Bingo arty_vandelay. However, it is specific to linear amplifiers where that instantaneous voltage represents a large voltage drop across an output device operating in the linear region at a given current and hence high instantaneous power. As the output devices in Class-D are not operated in the linear region, it has little meaning.


What EPDR hits really hard is BJT output stages as BJT devices have secondary breakdown mechanisms impacted by instantaneous power (or accurately power and voltage), even if they can handle the current delivery.

arty_vandelay23 posts11-24-2019 8:43pmEPDR is obviously a means of expressing power dissipated in the amplifier based on instantaneous values of voltage and current at a specified frequency. In other words, a reverse engineered value.

Admittedly most MOSFETs designed today are designed for pulse operation and the long pulse/DC rating of those MOSFETs is less than the rated current. That is a thermal derating though due to rapid heating of the usually quite small die. You can see that on the data sheet if it has a thermal response graph. MOSFETs designed for operation in the linear region (market that seems to be getting smaller) have larger die. This is different from the secondary breakdown of BJTs cause by current concentrating in a small area causing thermal runaway.

When did you last look at a MOSFET SoA plot? Its true that going back 30 years or more they generally didn't have secondary breakdown issues but these days its rare to find an SoA plot which is purely thermally limited.

I am not sure what the goal is with these quotes. Pretty much none of these people are experts in signal processing, and to long term advance the start of the art of class-D, it will require a different knowledge set than linear amplifiers. Thorsten Loesch  particularly shows his lack of knowledge. I have no idea why he even made a comment.

"Perhaps more crucially, so called Class D Amplifiers, which have in recent times sprouted up like mushrooms after a warm rain, continue to use the straight two or three level modulation scheme described above. And thus they still require the use of heavy handed noise shaping to attain anything like acceptable 16 Bit Audio performance.The clock frequencies for these amplifiers are usually at 300 KHz to 1MHz in the best cases. That is 3,000 to 10,000 times lower than what is required to attain 16 Bit / 44.1 KHz performance without noise shaping and other forms of signal manipulation!?"

How do you take someone seriously who has such flawed views of what is possible or the underlying technology?

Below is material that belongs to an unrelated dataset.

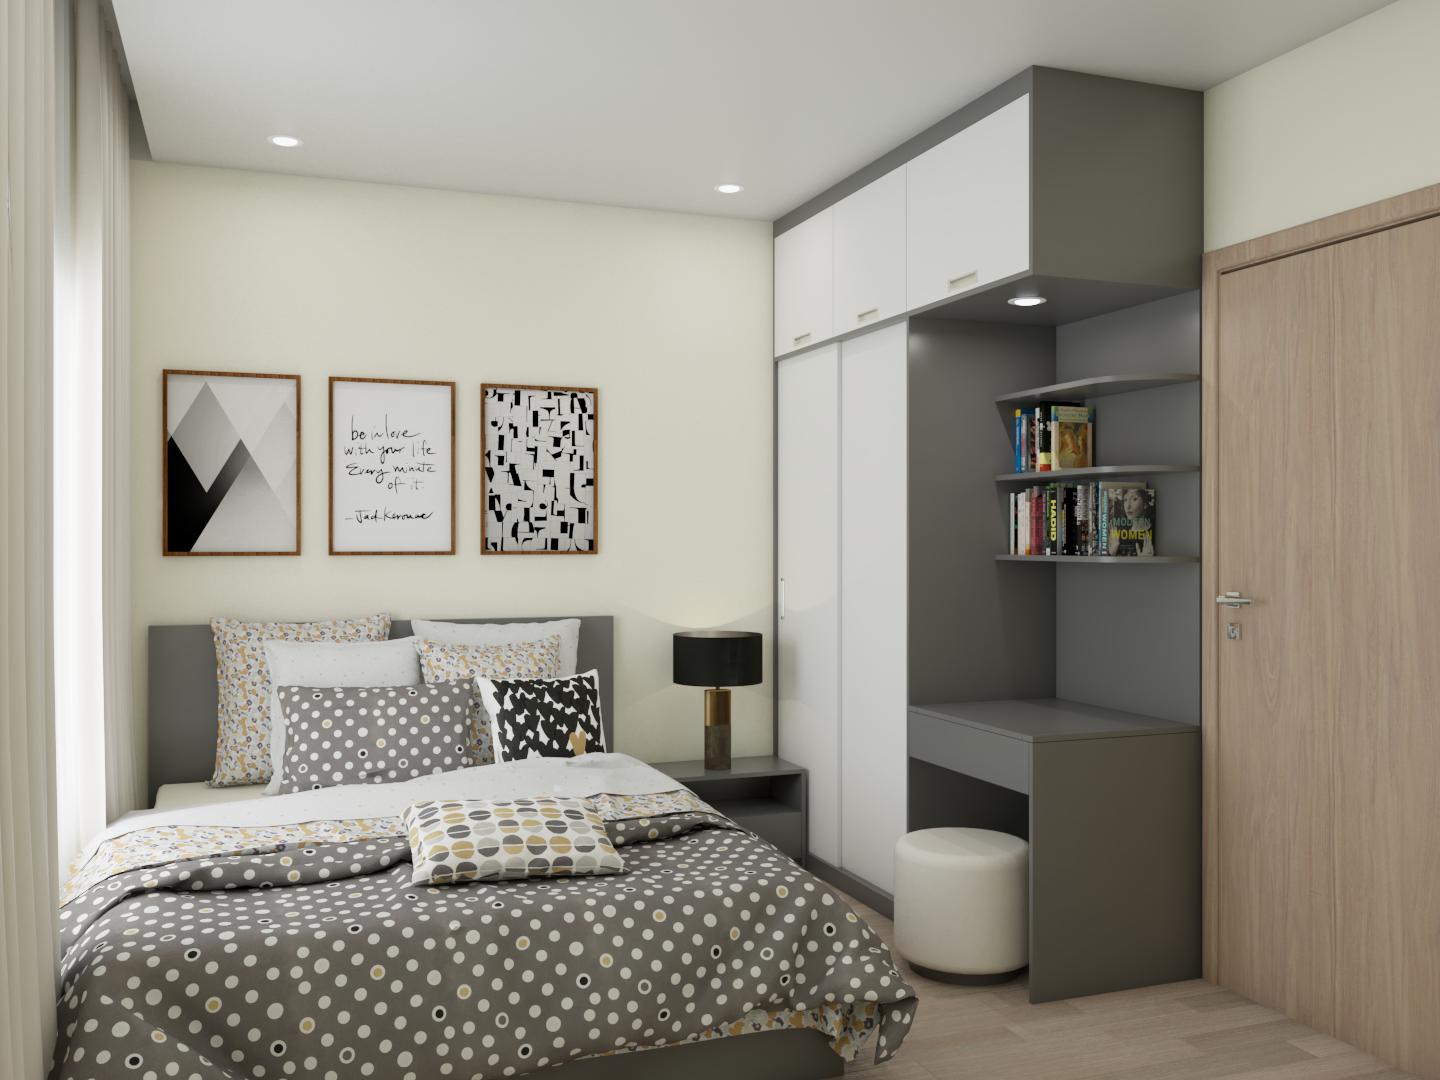 Những bộ phòng ngủ PN004 với kiểu dáng đơn giản, sang trọng cùng chất liệu cao cấp sẽ làm cho không gian phòng ngủ của bạn trở nên đẳng cấp và thật sự đáng mơ ước. Tận hưởng giấc ngủ thật sự tuyệt vời cùng với những bộ sản phẩm đẳng cấp này.

Fortunately, we can count of people such as Nelson Pass, and Jeff Rowland, even John Curl to offer a more balanced (and probably more informed) view of where Class-D is and can go.

GaN FETs suitable for a Class-D output stage and superior to silicon devices are relatively inexpensive now. Even in a $2,500 unit, they use of GaN shouldn't command that much of a premium.

Given the target market, you can't fault someone for making it look like a tube amplifier. Can't comment on the 2 ohms, or the sound, but fairly sure that clear acrylic cover would not cut it as a required fire barrier required for AC products in North America.